Lastly, the study provides transformative and actionable recommendations for overhauling pneumoconiosis policies. These include enhancing financial assistance, expanding healthcare access, and prioritizing advocacy efforts to address systemic issues, particularly in underserved regions. “Da Ai Qing Chen” mainly rescues pneumoconiosis patients who have not passed the occupational disease identification (they should be injured at work but are judged as non-work injuries). Most of them are uninsured patients whose units no longer exist. They urgently need the government to comprehensively integrate basic medical insurance for serious illness. The three critical systems of insurance and medical assistance have gradually reduced the burden on patients and comprehensively implemented robust life support measures. Before the help of “Da Ai Qing Chen”, medical insurance could not reimburse the cost of pneumoconiosis. In 2016, pneumoconiosis was included in the New Rural Cooperative Medical System, and the policy of serious illness assistance was implemented, but the implementation was not thorough enough, and there was a large gap between various statuses. This study contributes to a broader understanding of how NGO support and policy reforms can collaboratively address the multifaceted needs of this vulnerable population.

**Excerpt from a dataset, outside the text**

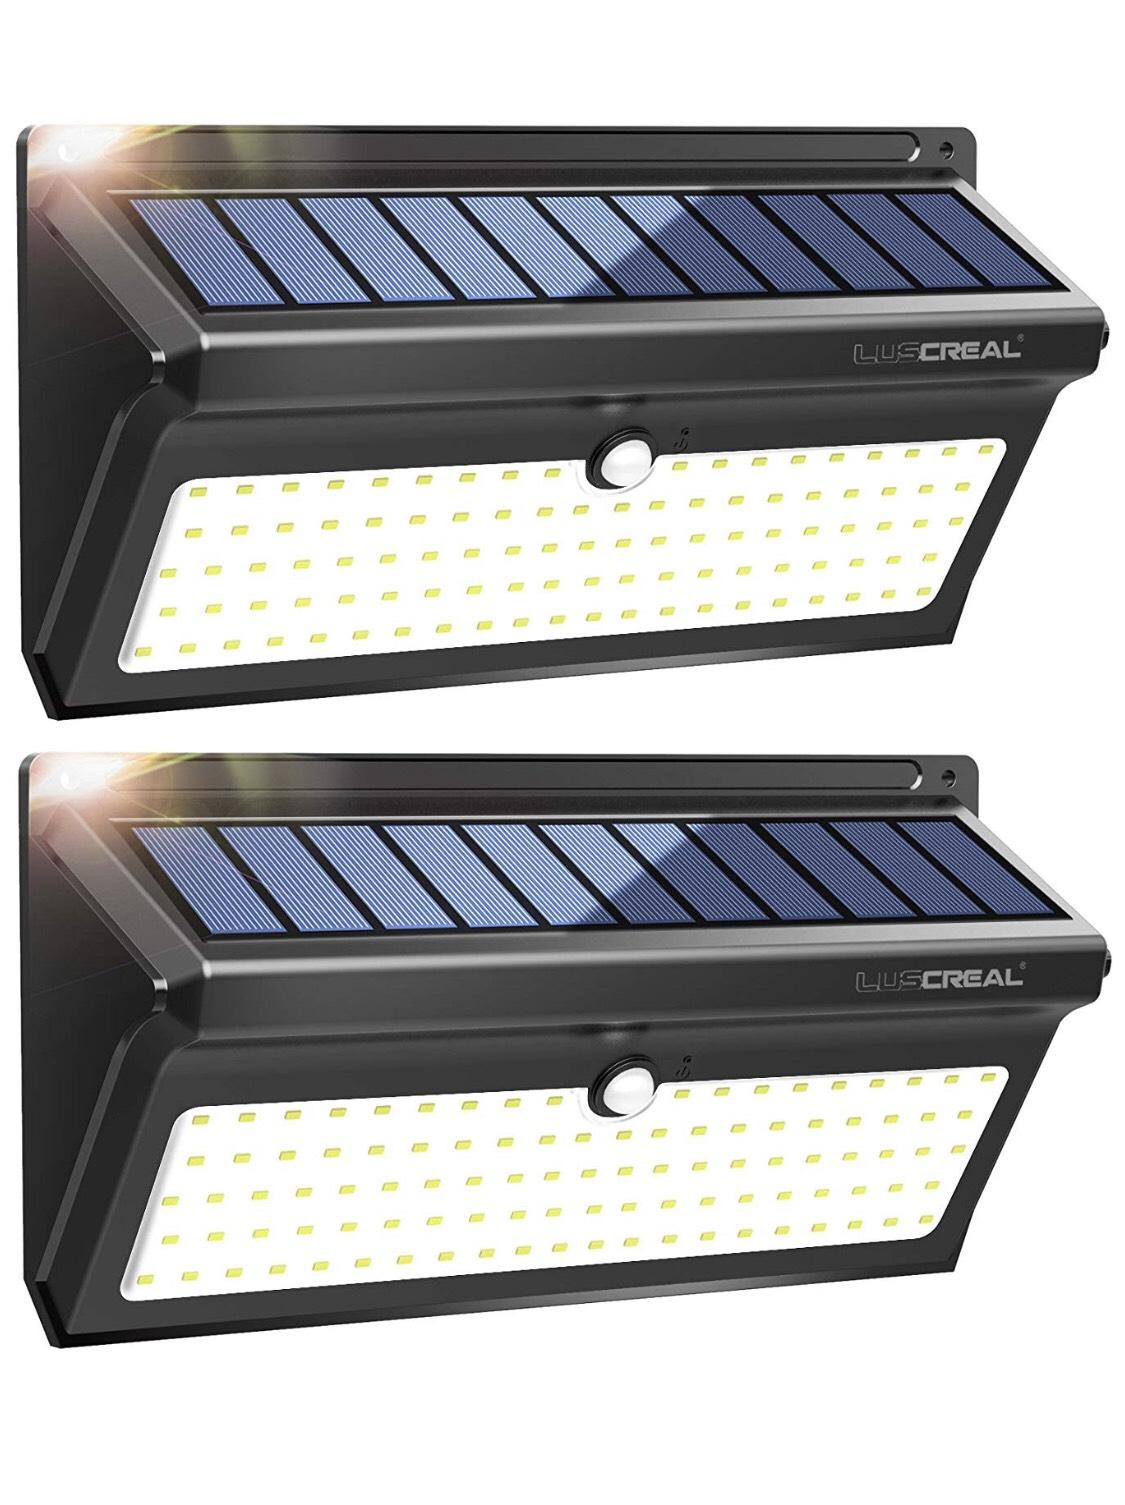 Luces solares para exterior

5.4. Limitations and Future Research

The study utilized an online survey to collect data, but the sample size is relatively small. Convenience sampling was employed by recruiting participants from an online patient group chat—which may introduce group polarization and bias due to the predominance of like-minded individuals. Voluntary response bias is also a concern, as individuals with strong opinions are more likely to respond. Additionally, severe under coverage bias is evident because a notable segment of patients lacks internet access—potentially resulting in differing opinions compared to those who participated—and subjectivity along with inconsistent judgment criteria may further contribute to varying responses, even among individuals in similar circumstances. Furthermore, false memory could skew the results, limiting their accuracy and generalizability. Thus, the findings may not be representative of the broader patient population lacking comprehensiveness and objectivity.

Additionally, the absence of a longitudinal design significantly constrains the study’s ability to capture complex societal transformations, which are inherently dynamic and multifaceted processes. Since the survey reflects only current views, it falls short of providing long-term analysis and comparative perspective indispensable for evaluating the cumulative effects of ongoing government policy reforms and NGO efforts over time.

Additionally, examining the roles of external factors—such as parental involvement, teacher behavior, and school policies—would provide valuable insights into how systemic and environmental influences contribute to the phenomenon.

Finally, future studies could focus on designing and testing specific interventions: structured peer interaction programs, teacher training initiatives, or policies promoting balanced online and offline communication.

Conflicts of Interest

The authors declare no conflicts of interest regarding the publication of this paper.